EXERCISE OBJECTIVE -
Write out the entries exactly, leaving out every picture.

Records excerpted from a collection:
BEGIN

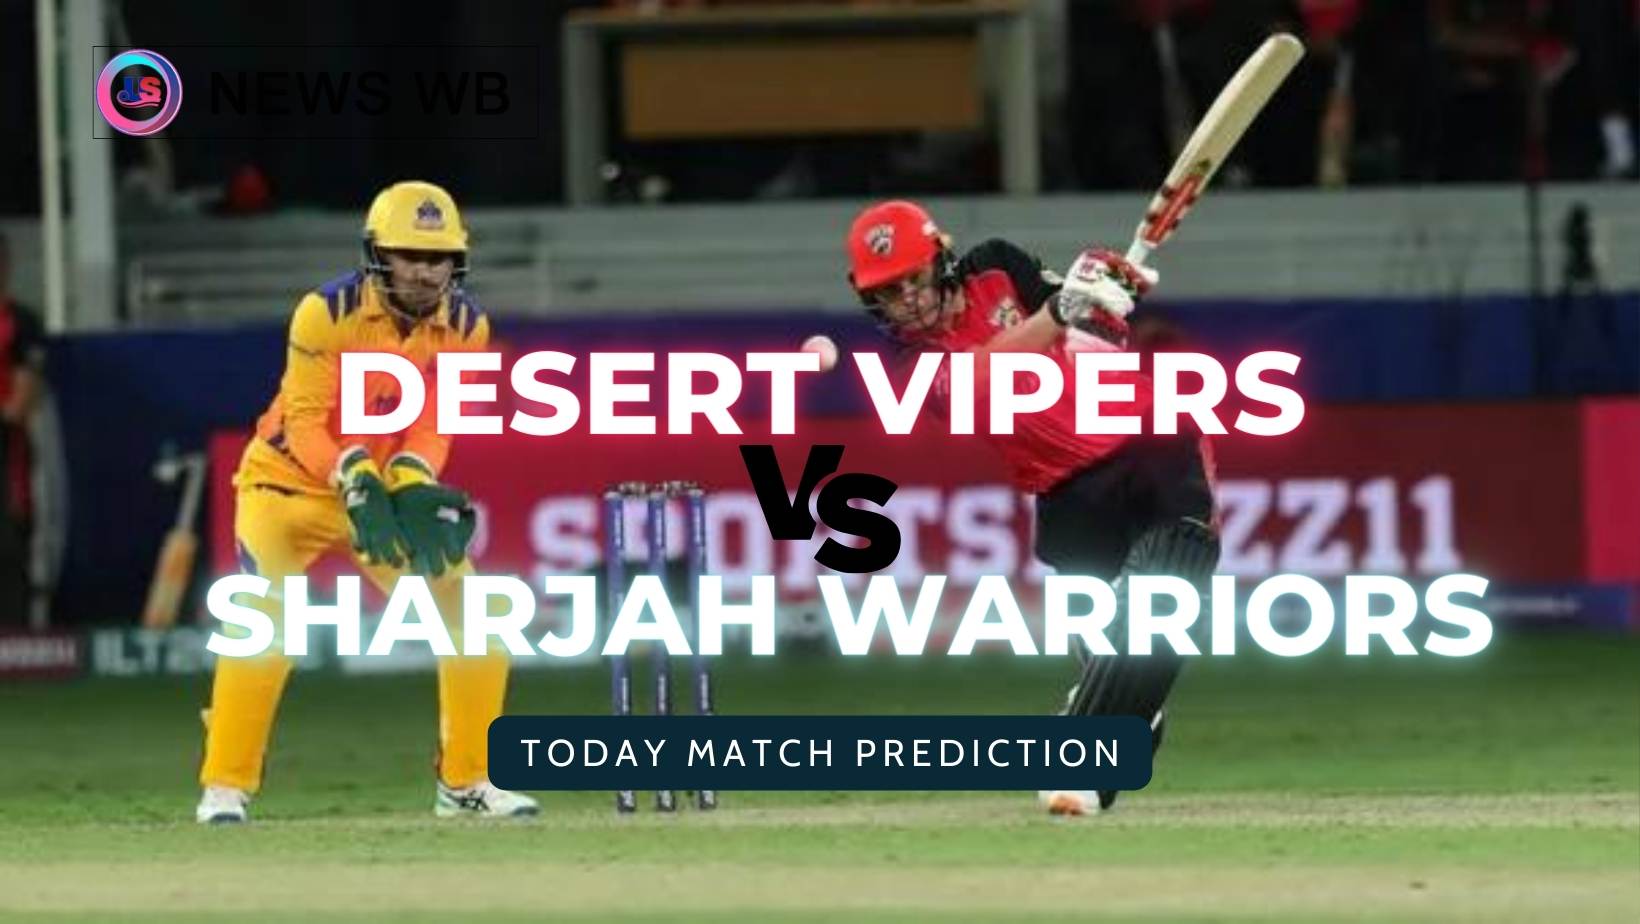 Today Match Prediction: DV vs SW Dream11 Team, Desert Vipers vs Sharjah Warriors 13th Match, Who Will Win?
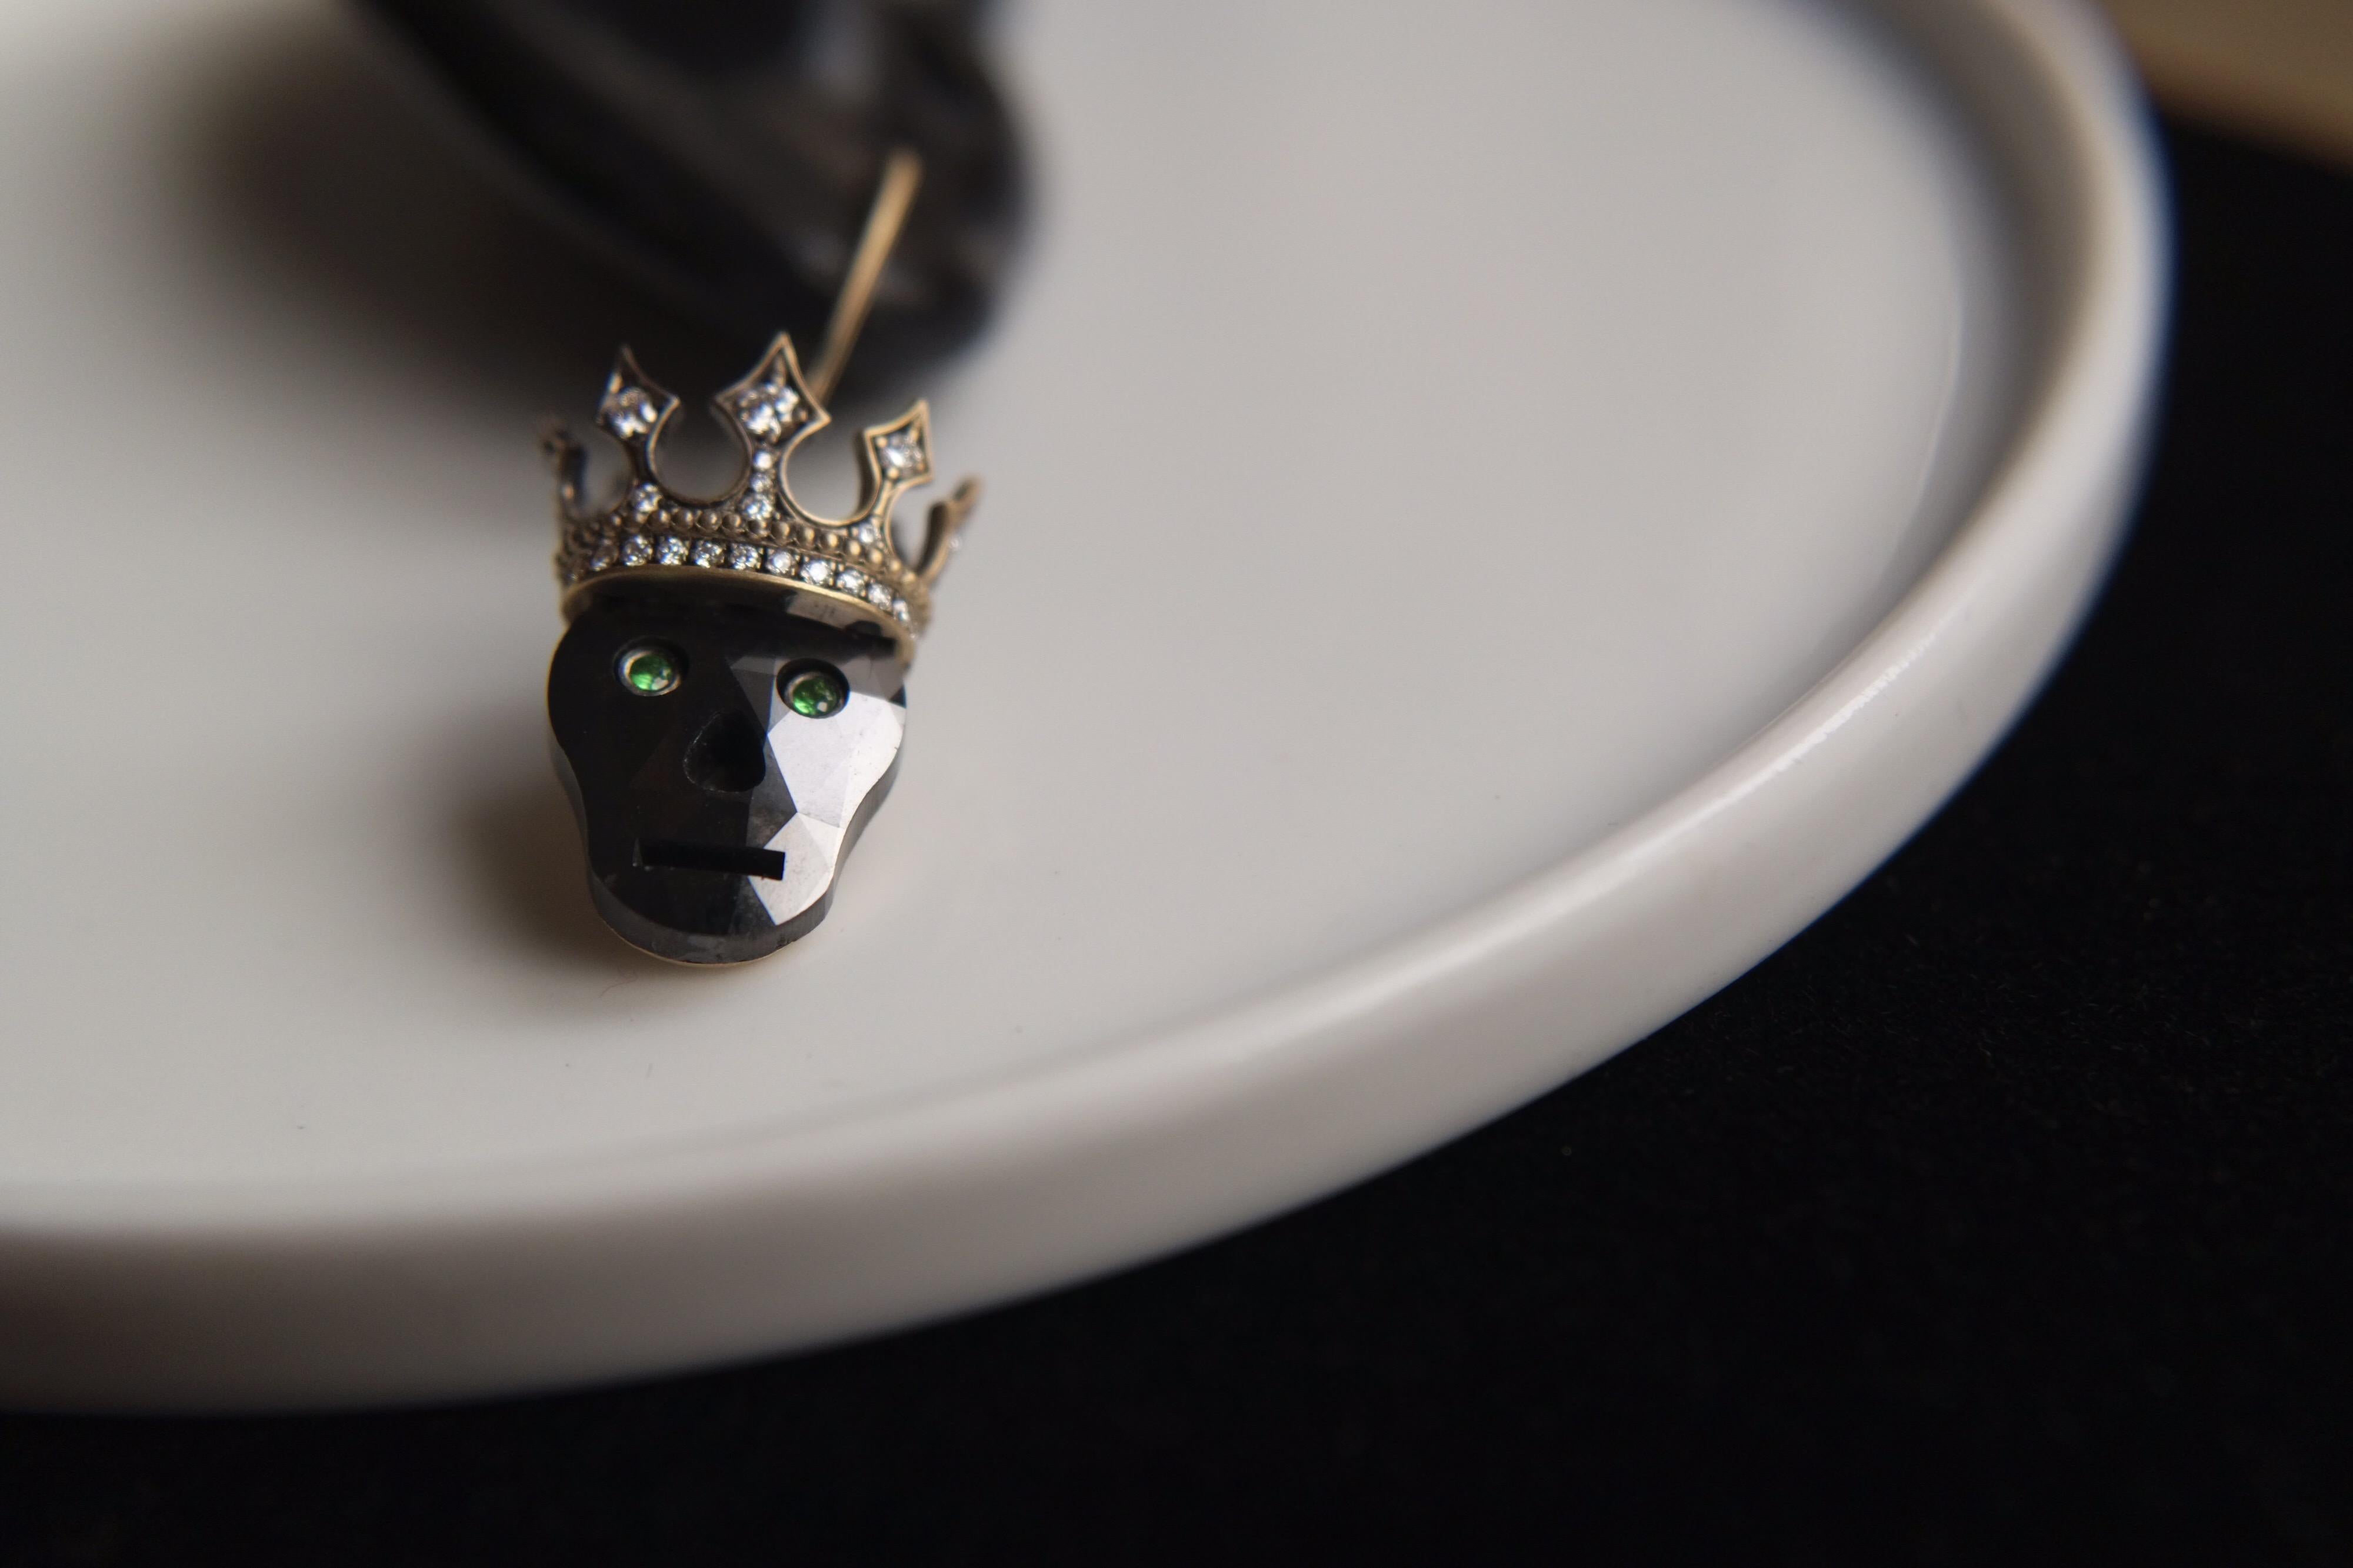 Contemporary Wendy Brandes Memento Mori Black Diamond Skull Earrings With Crowns
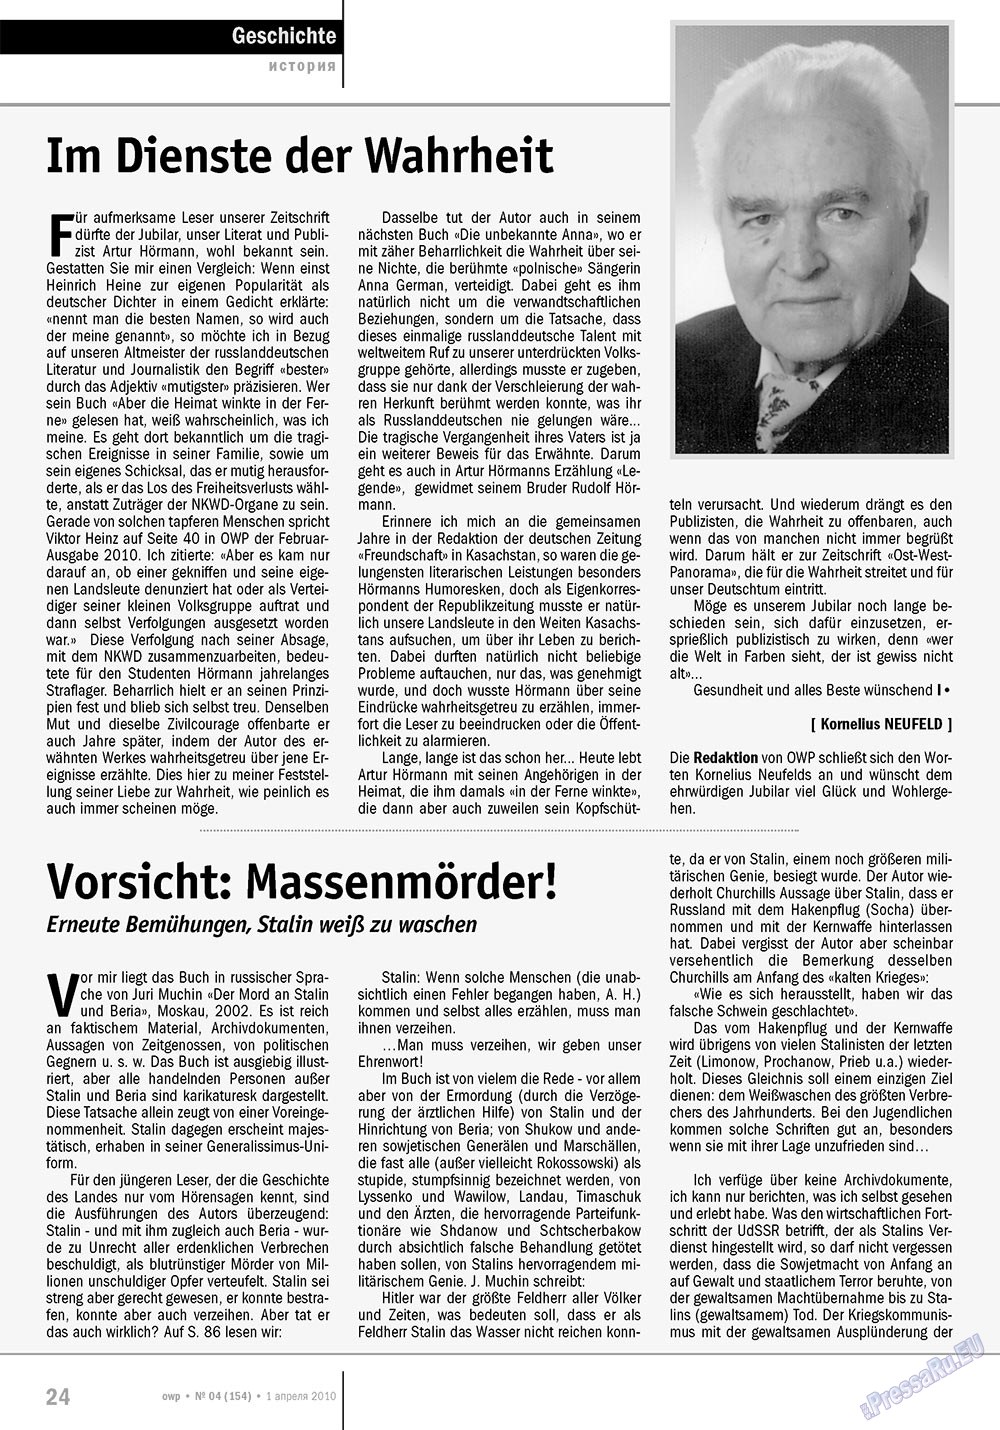 Ost-West Panorama, журнал. 2010 №4 стр.24
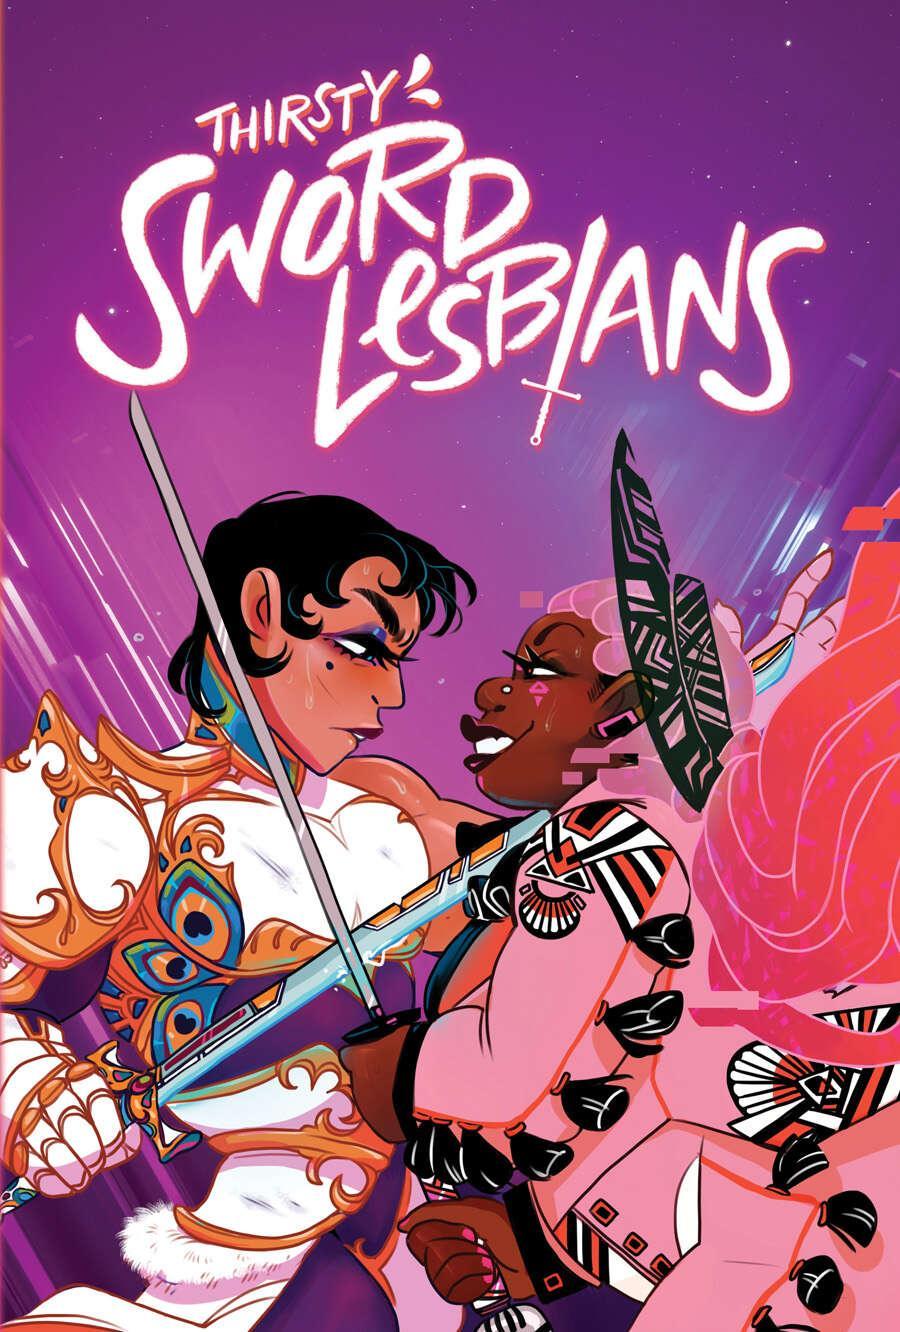 April Kit Walsh: Thirsty Sword Lesbians (2021)
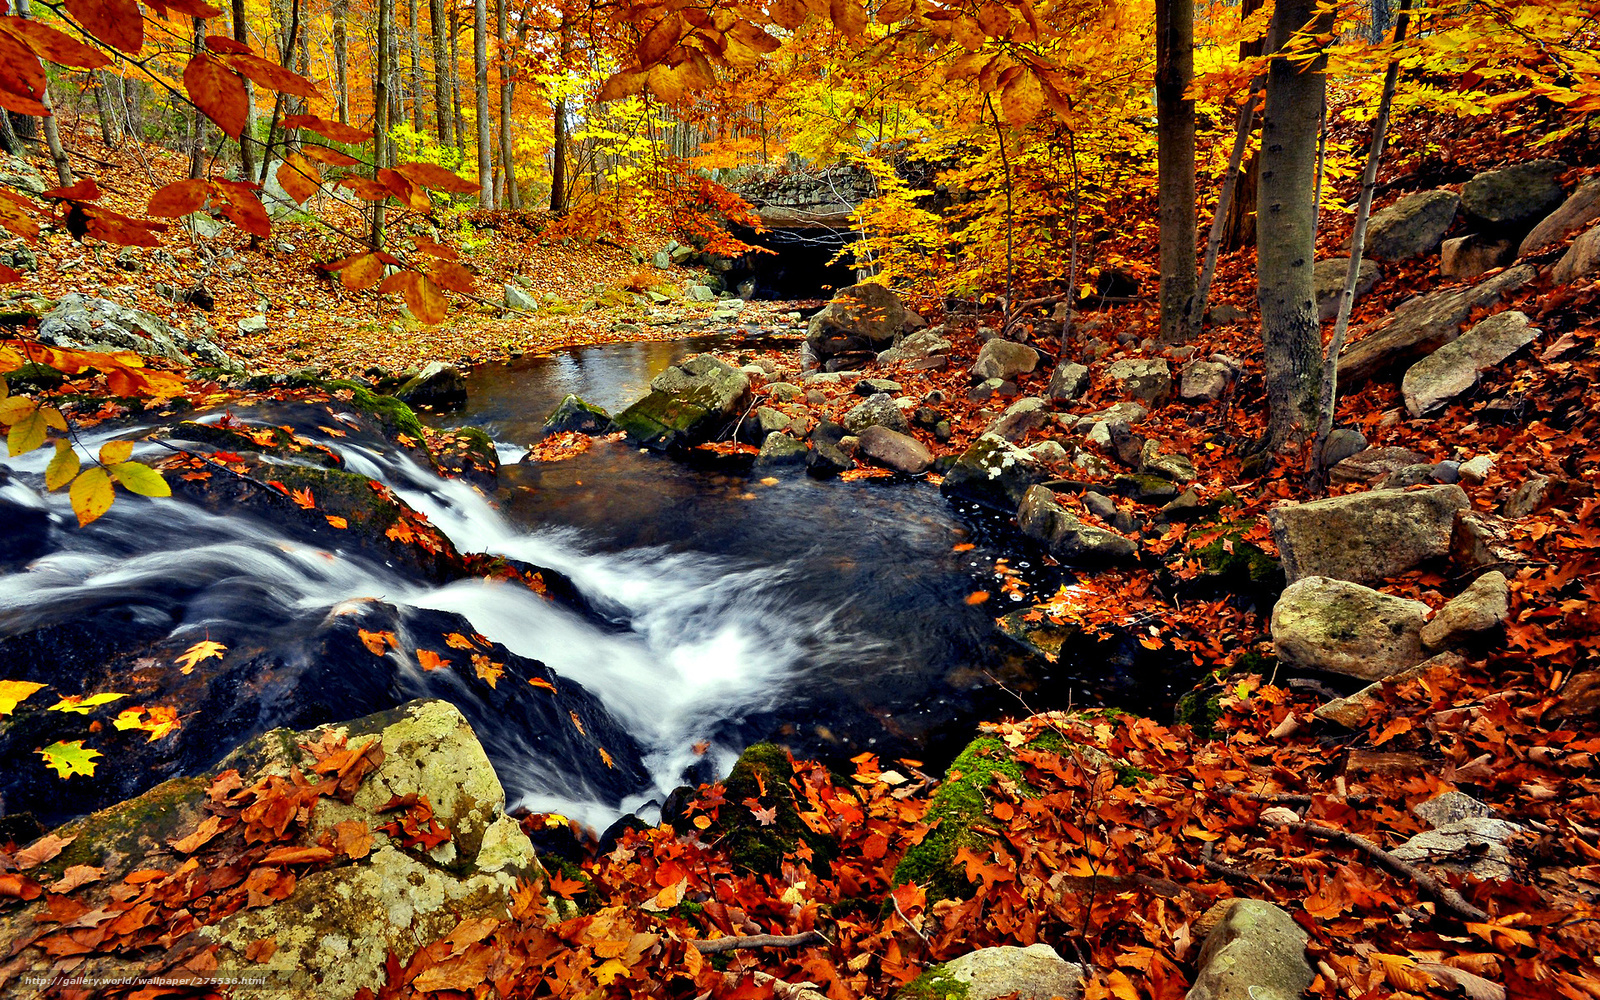 Download wallpaper autumn creek waterfall free desktop wallpaper in

END

SOLVED EXERCISE -
 Today Match Prediction: DV vs SW Dream11 Team, Desert Vipers vs Sharjah Warriors 13th Match, Who Will Win?
 Contemporary Wendy Brandes Memento Mori Black Diamond Skull Earrings With Crowns
 Ost-West Panorama, журнал. 2010 №4 стр.24
 April Kit Walsh: Thirsty Sword Lesbians (2021)
 Download wallpaper autumn creek waterfall free desktop wallpaper in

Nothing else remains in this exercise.